Только раз они рискнули, именно в первую ночь, когда они открыли войну. Но и тут они употребили столько лукавства, столько обмана и, пожалуй, если это вас может утешить, предательства, что дипломаты были совсем обморочены. Японцы верно рассчитали, что наша эскадра находится на мирном положении, что она даже едва ли знает, что произошел разрыв между Россией и Японией, что во всяком случае ее можно застать врасплох или напасть «внезапно», как выразился в первой своей телеграмме генерал-адъютант Алексеев. Поранив несколько наших броненосцев, японцы в тот же день стали бомбардировать крепость. Но, убедившись, что Порт-Артур проснулся, сейчас же ушли. И потом снова и снова бомбардировки и хитрости, вроде брандеров, нервили наших моряков, выводили их из всякой возможности спокойствия и заставляли рисковать своей жизнью и жизнью судов.
Сам адмирал проводит ночь под Пасху на сторожевом судне. Из этого видно, какое было напряжение внимания. И последний момент драмы — опять не храбрость, а хитрость, ловкость и машина. Вот с каким врагом мы ведем войну на море, и, естественно нам необходимо к нему применяться. Наши враги берегли не столько себя, сколько почву, на которой стояли и с которою были связаны эти машины, эти суда. Нет судов, нет почвы, нет и надлежащей силы. Море — не земля, о которой не надо беспокоиться и беречь, потому что она всегда под ногами. На море — земля называется боевыми судами. И эта земля не только ограничена, но она еще может быть взорвана и уничтожена. Под этой зыбкой почвой судов могут очутиться взрывчатые мины, глубоко поставленные в море на известной глубине, но так, что судно не может видеть их, но может задеть и взорваться. Море как будто представляет собою невидимые вулканы, которые поражают военно-морскую почву, и втягивают ее на дно моря.
Вот почему так действуют на наше воображение морские несчастия и битвы. Корабль и вместе с ним тысяча человек в одну минуту идут ко дну, не нанося неприятелю никакого вреда. Между тем потеря тысячи человек на суше возможна только тогда, когда и неприятель непременно теряет, победил он или нет. Никакая битва не может быть без потерь обеих сторон. На море мы сражаемся неравным оружием. У неприятеля и судов и опытности больше.
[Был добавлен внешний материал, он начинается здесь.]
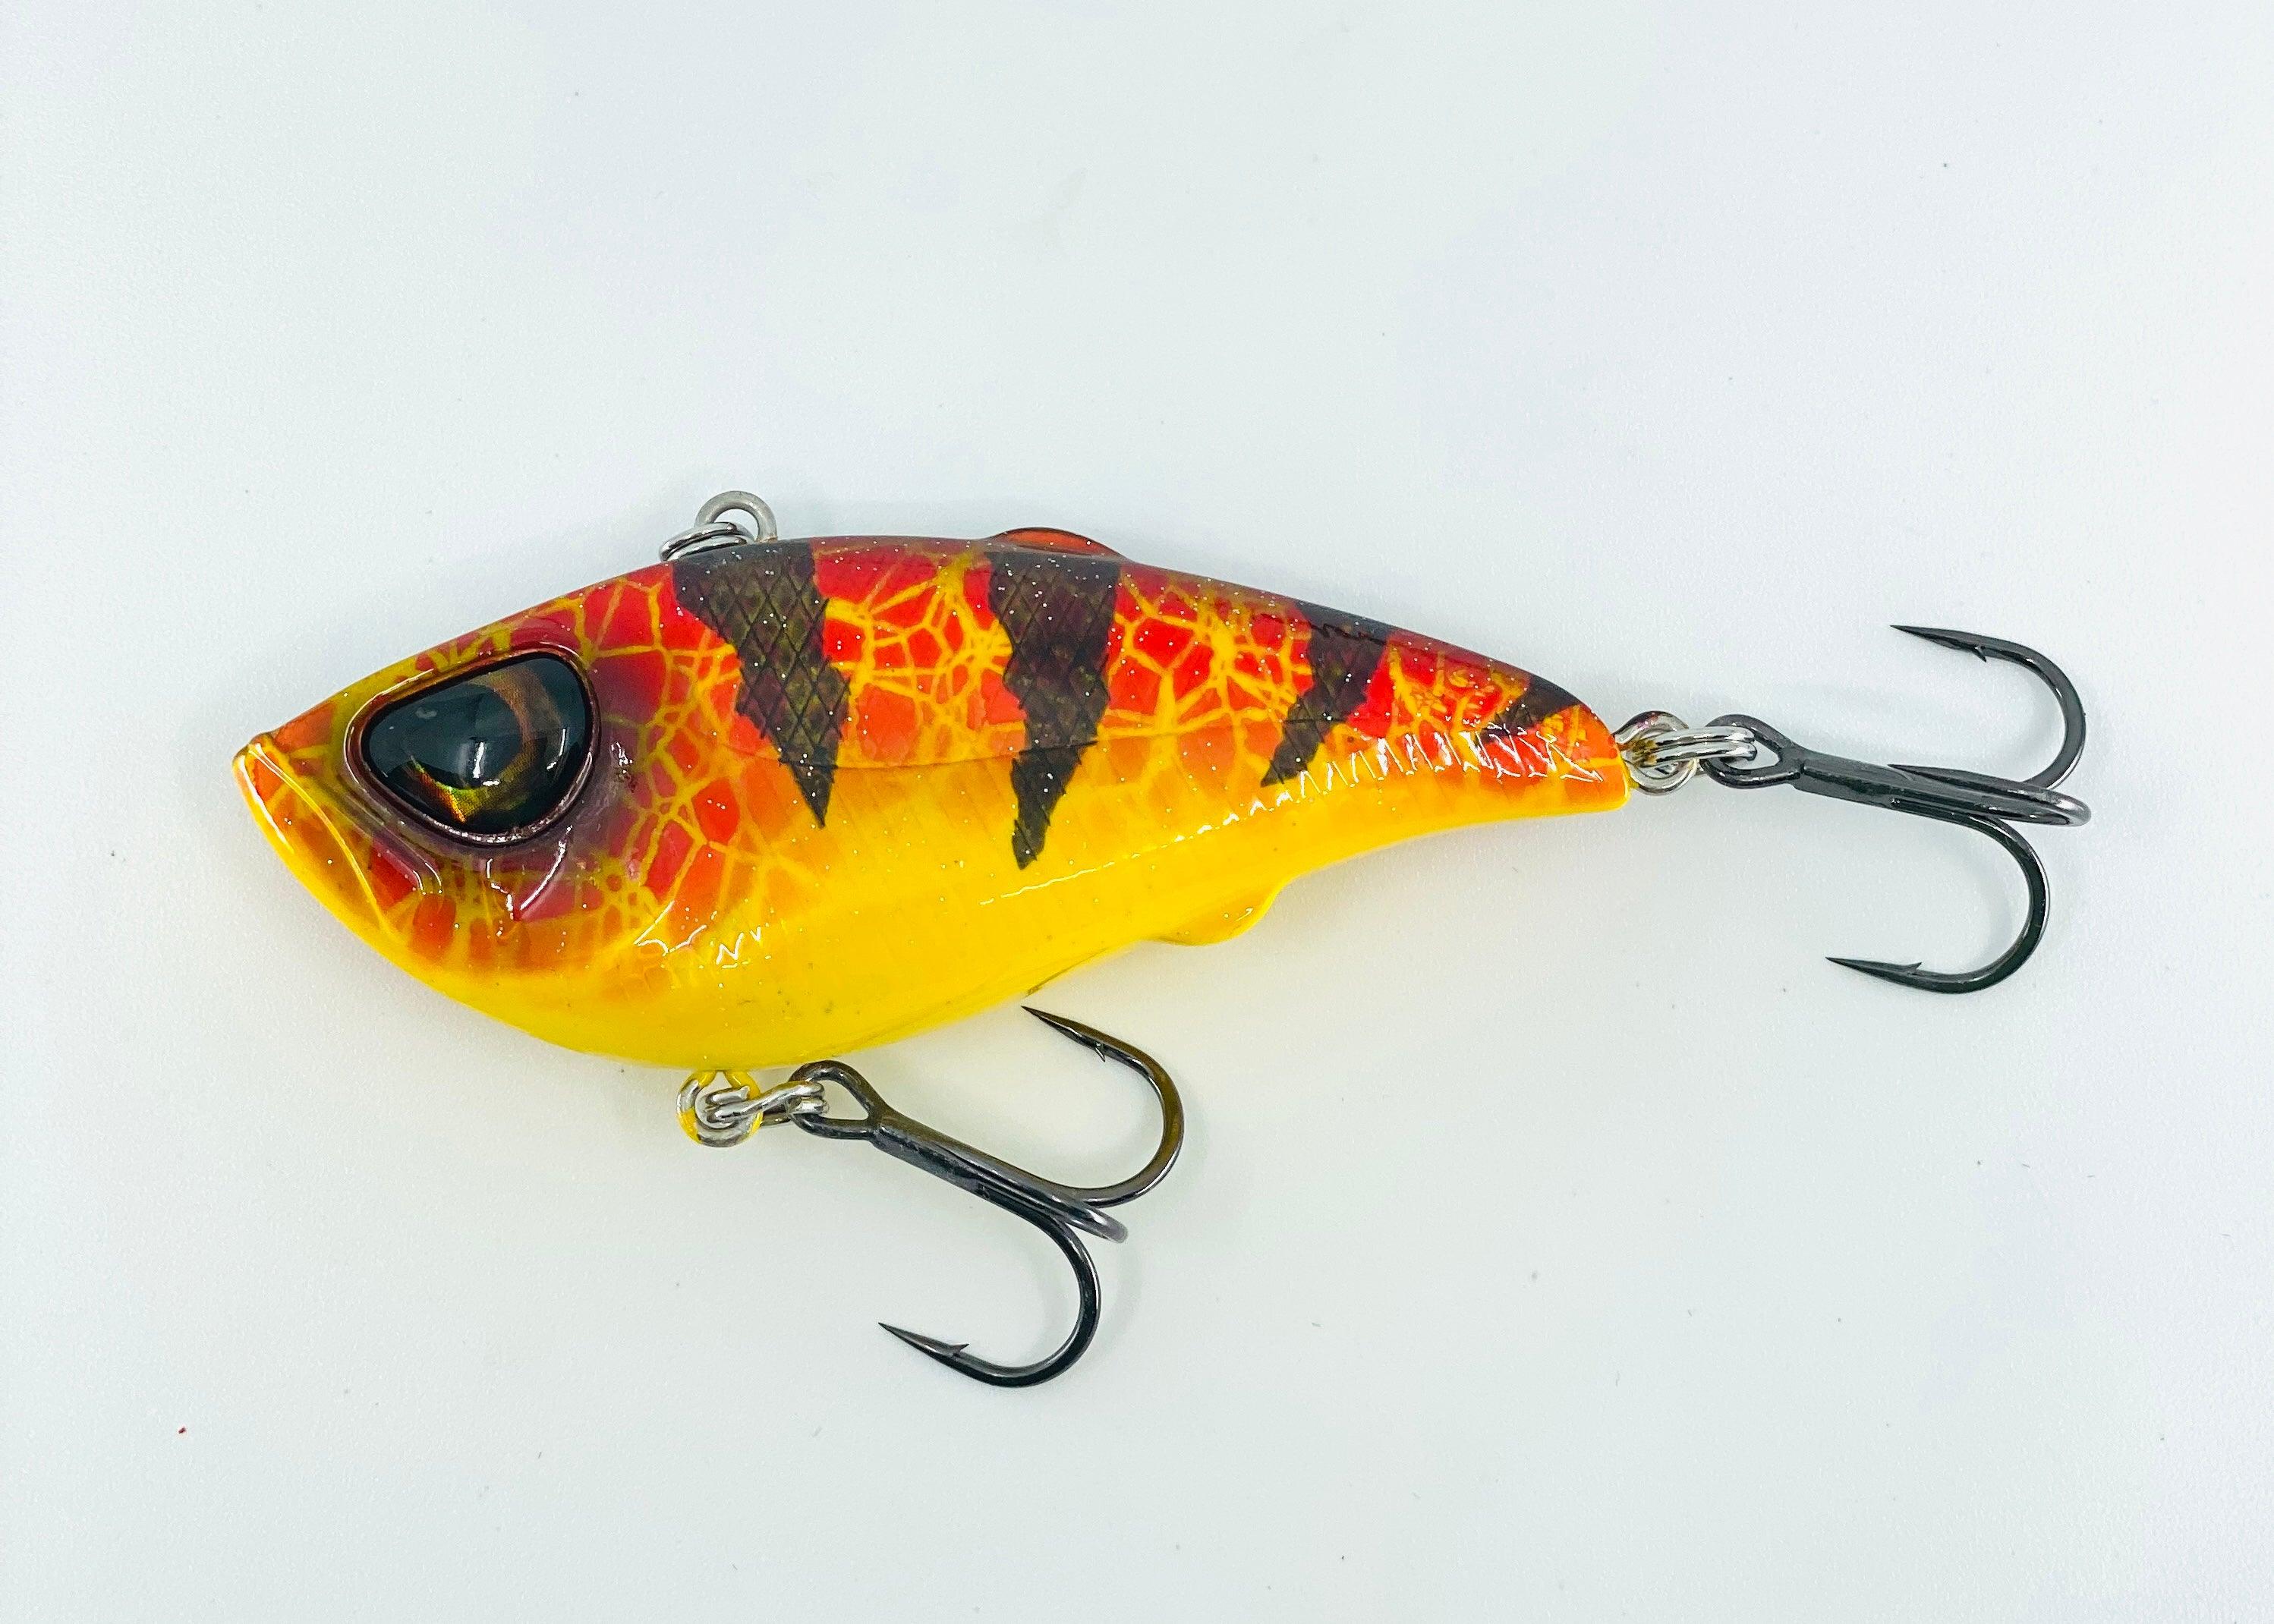 Crankbait for Bass Fishing 60mm/2.36 Inches Shallow Diving Crank Bait Square Bill Cranking Fishing Lures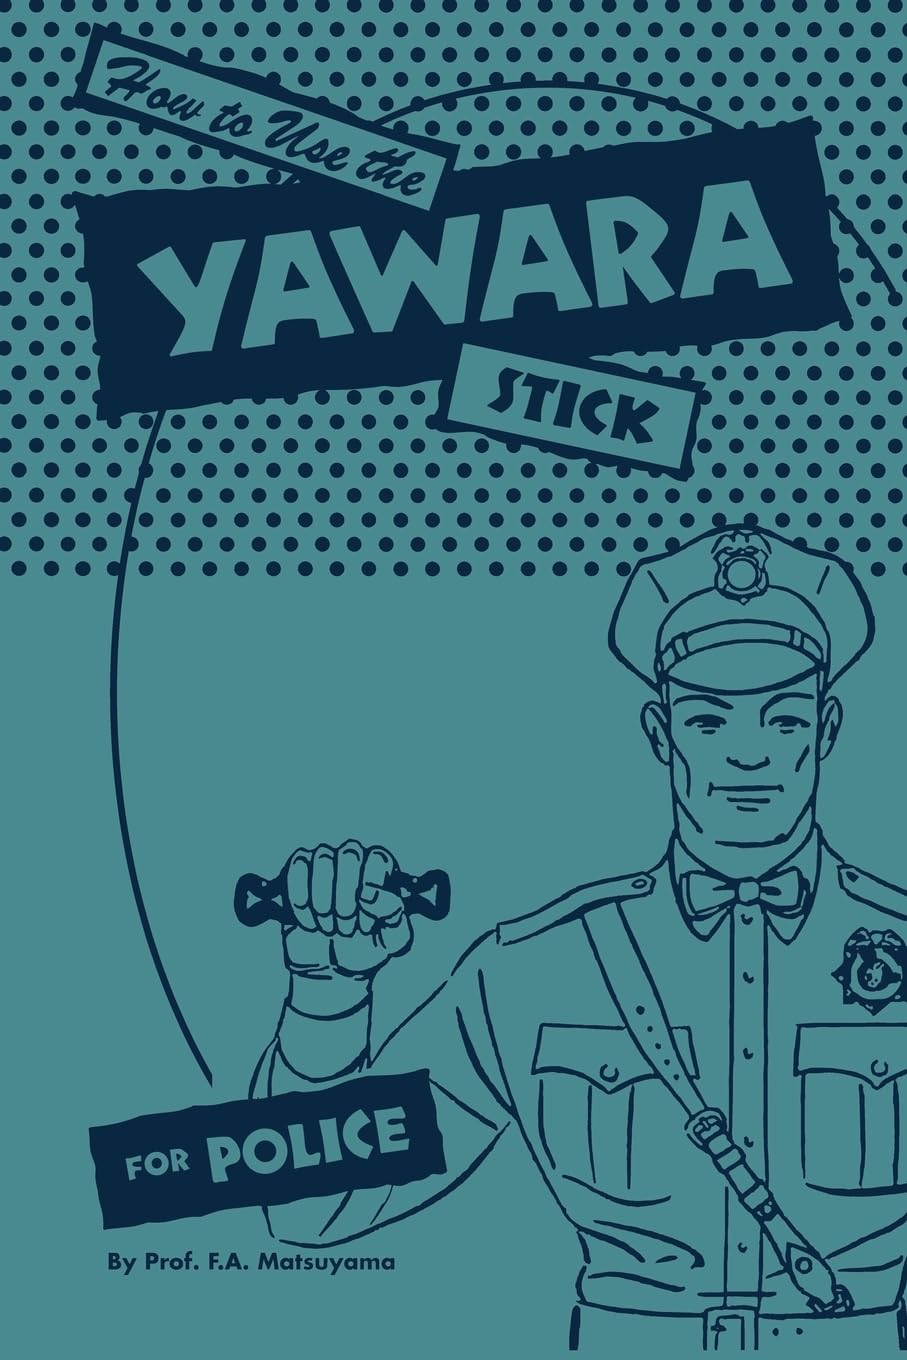 How to use the Yawara Stick for Police Book by F A Matsuyama (Reprint)

Он вырос на море и еще недавно вел морскую войну в этих же самых местах, которые ему знакомы во всех мельчайших подробностях.
Положение Макарова было трудное, когда он приехал в Порт-Артур. Он поднял дух флота, он оживил его своей смелостью, бодростью, успешной защитою и надеждами. Положение нового командующего, Н. И. Скрыдлова,- еще труднее, после события 31 марта. Он обязан хранить оставшийся флот, как зеницу своего ока и восполнить материальную и умственную убыль его насколько возможно. Он должен повторить вслед за А. Н. Куропаткиным, что надо терпение и терпение. Предстоит много работы, много энергии, много соображений, которые привести в исполнение будет стоить большого труда. Человек большого таланта и мужества, прекрасно знакомый с Дальним Востоком, готовый умереть, как все, но умирать именно и не надо. Надо жить и работать с удвоенной энергией, возбуждая ее в других и не считаясь с нашим нетерпением; работать независимо, с спокойствием ответственного вождя, который должен думать только о службе, возложенной на него государем и о защите своей родины.
Еще это он исполнит.
Пока родственники моряков пытаются соотнести изменения в официальных коммюнике, где от бодрого "экипаж полностью эвакуирован" перешли на уверенное "э.э." (уже без "полностью") - с турецкими сообщениями о пятидесяти спасенных, хочется еще раз обратиться к прошлому и почитать как тогдашние мастера слова реагировали на аналогичную ситуацию.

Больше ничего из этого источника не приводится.